— WHAT YOU ARE ASKED TO DO —
What you write must match, character for character, the lines from the one with "Women Ruffle Ruched" down to the one with "旬の野菜たち つくば住生活 石岡店のブログ 写真1" in the listing below, minus its pictures.

— PROVIDED ENTRIES —
=======
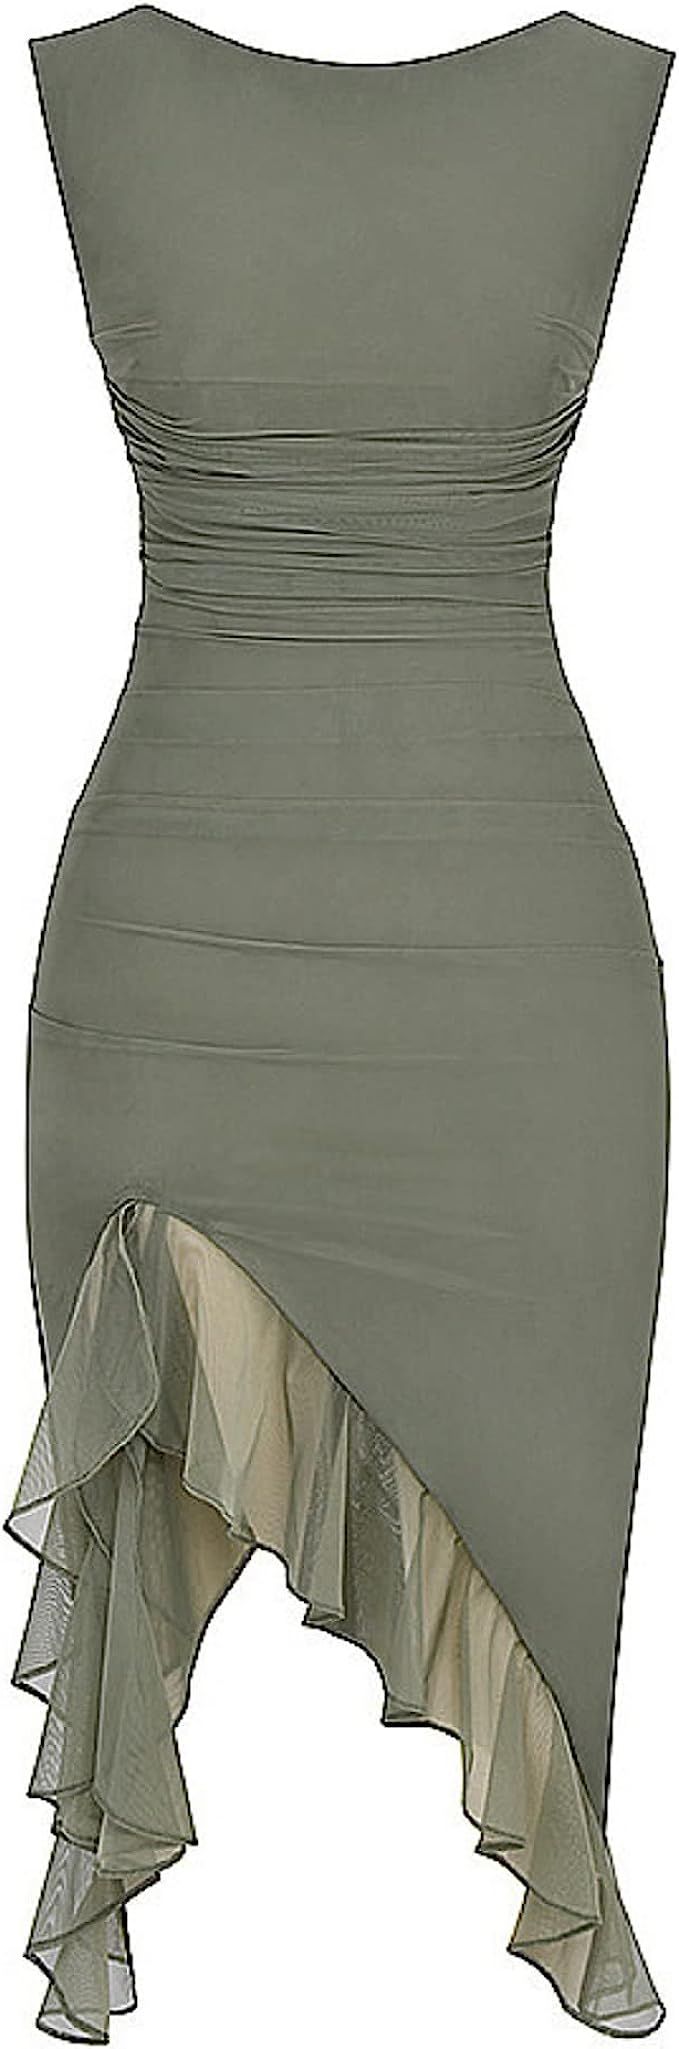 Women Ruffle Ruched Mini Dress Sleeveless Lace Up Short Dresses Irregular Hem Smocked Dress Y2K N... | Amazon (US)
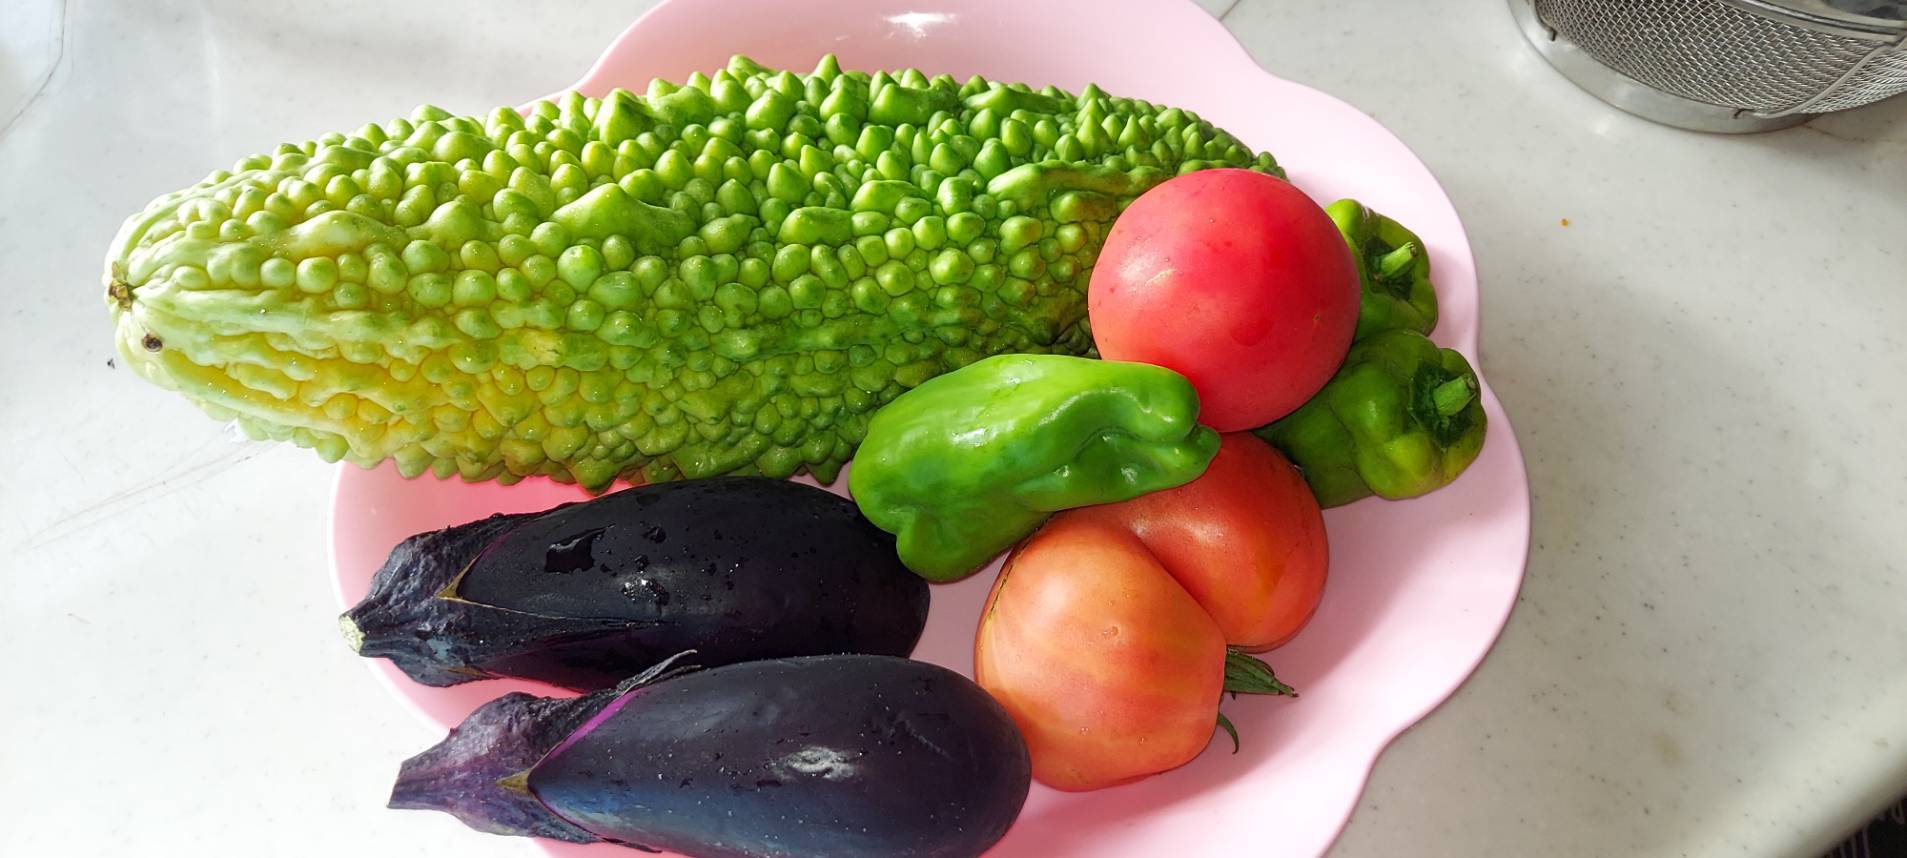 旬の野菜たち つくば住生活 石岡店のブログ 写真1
=======
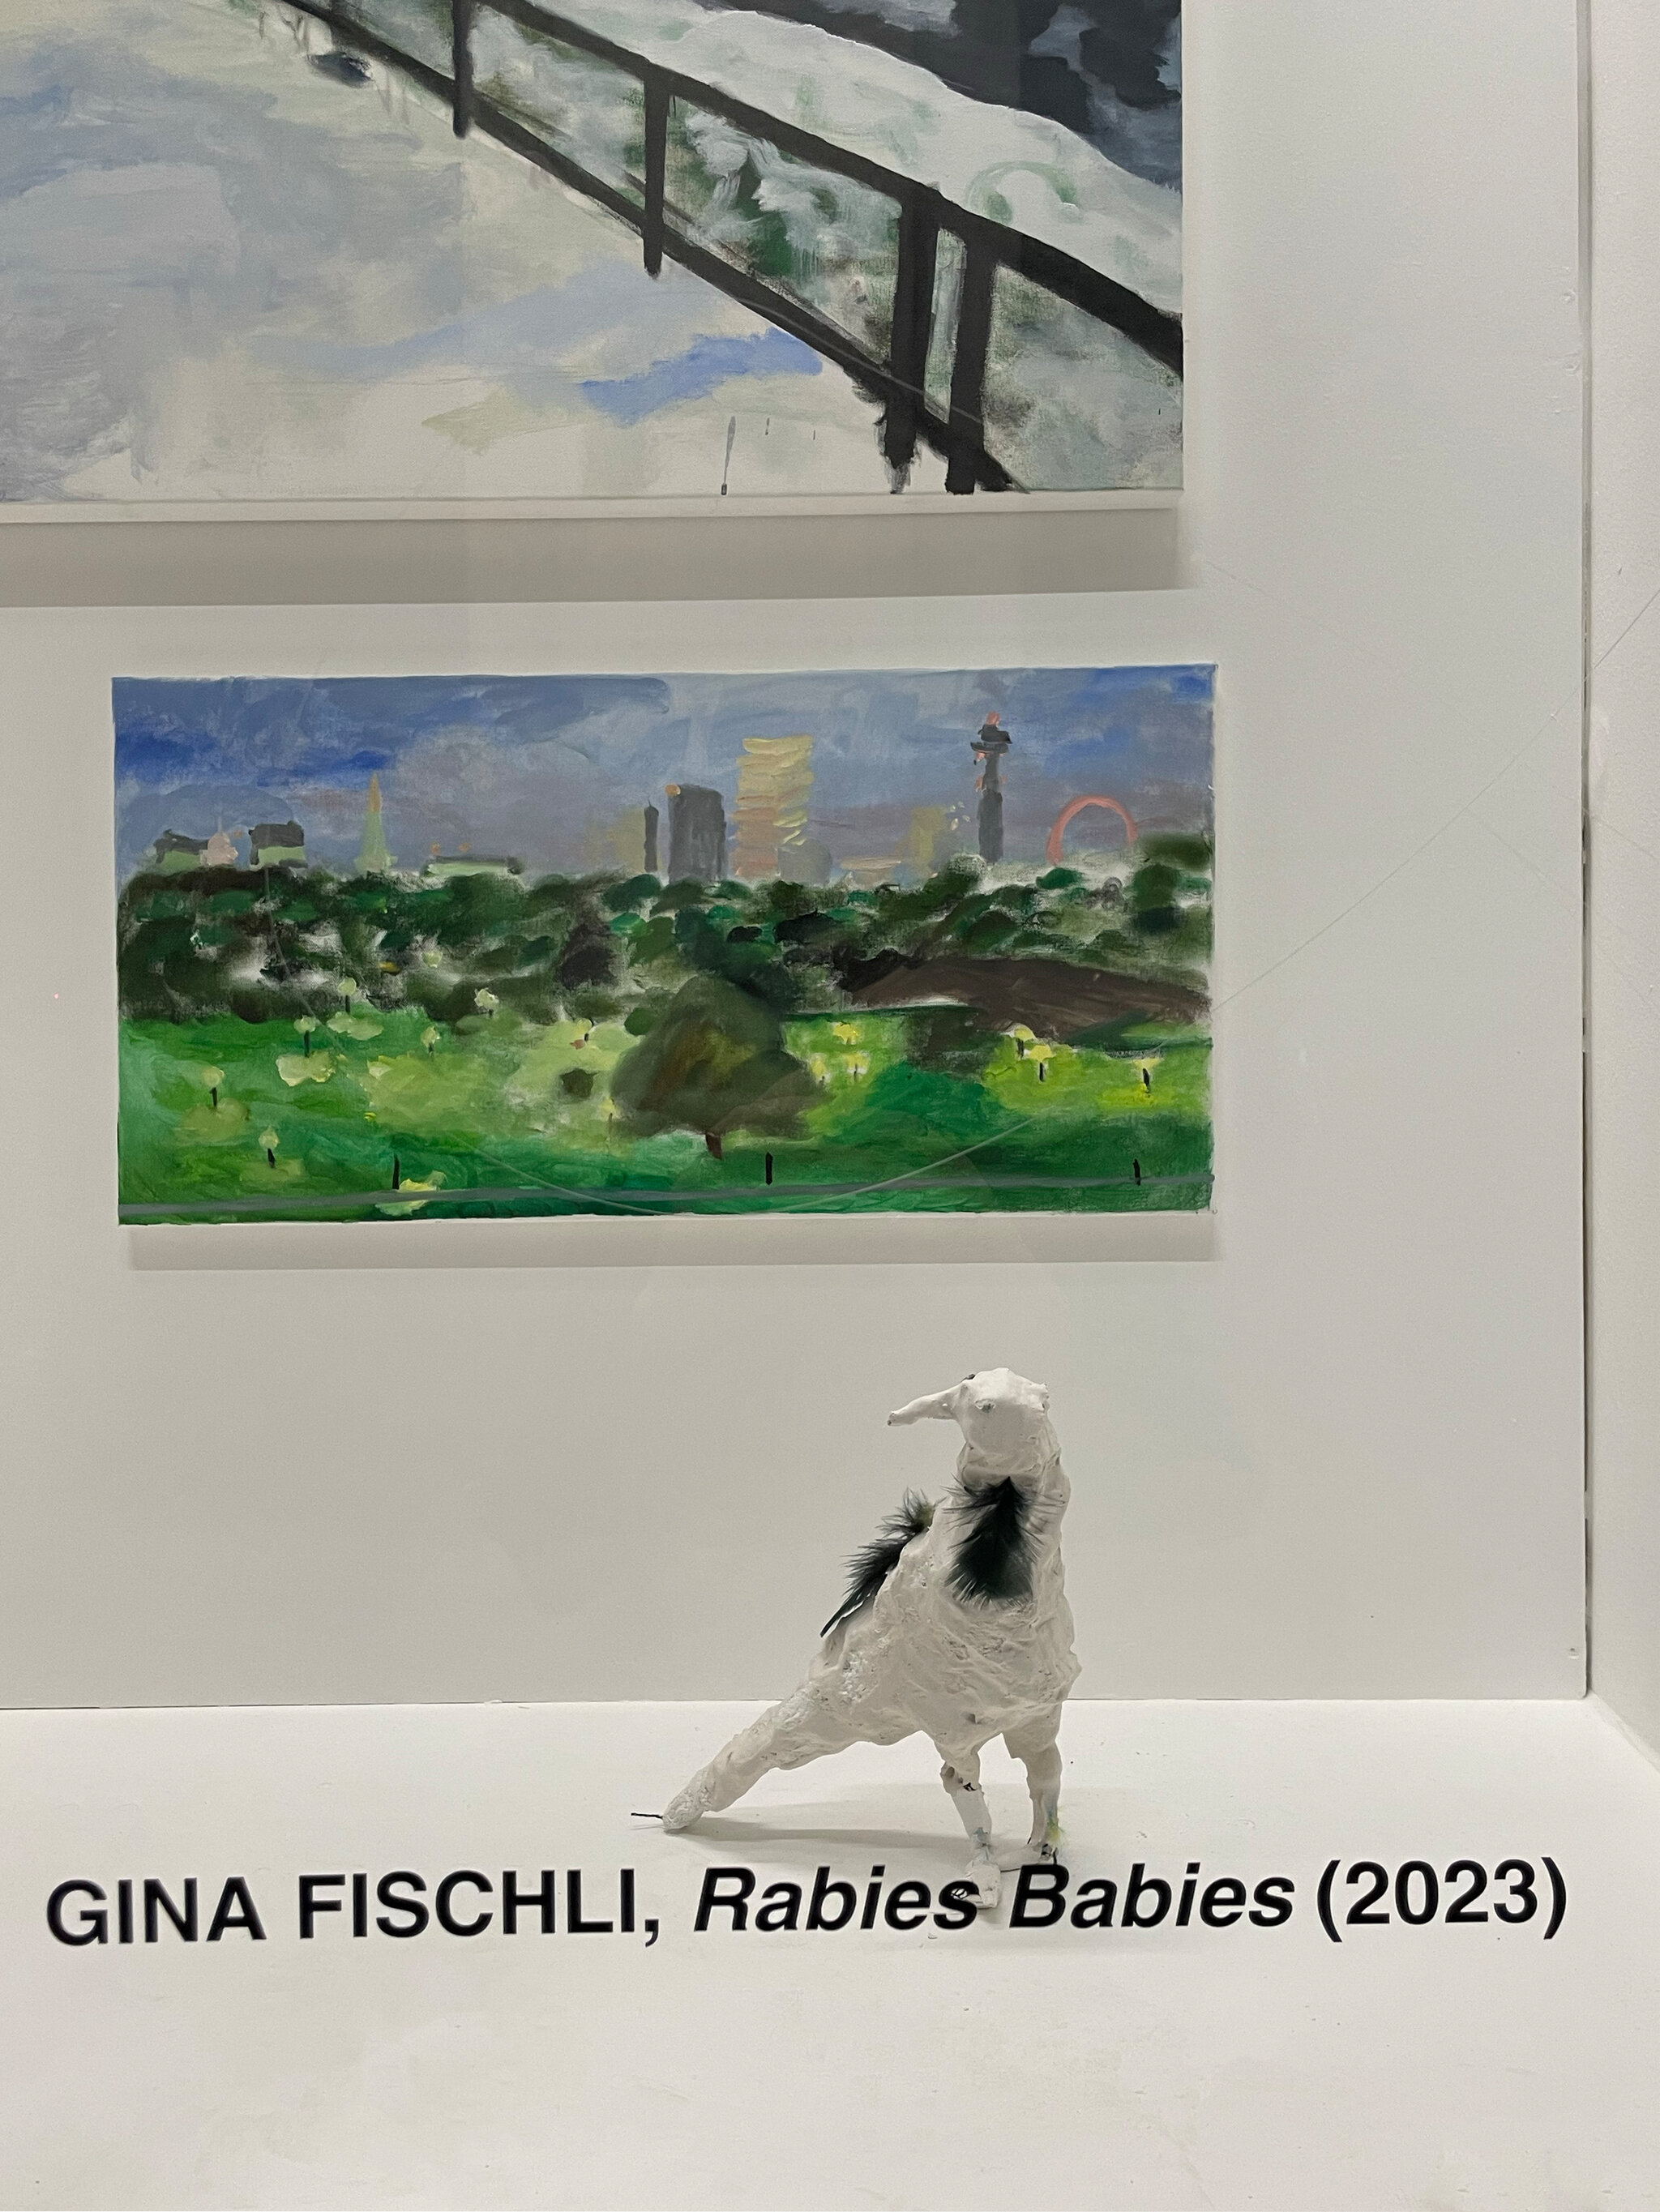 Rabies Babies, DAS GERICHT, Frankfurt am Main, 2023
=======
— EXERCISE RESULT —
 Women Ruffle Ruched Mini Dress Sleeveless Lace Up Short Dresses Irregular Hem Smocked Dress Y2K N... | Amazon (US)
 旬の野菜たち つくば住生活 石岡店のブログ 写真1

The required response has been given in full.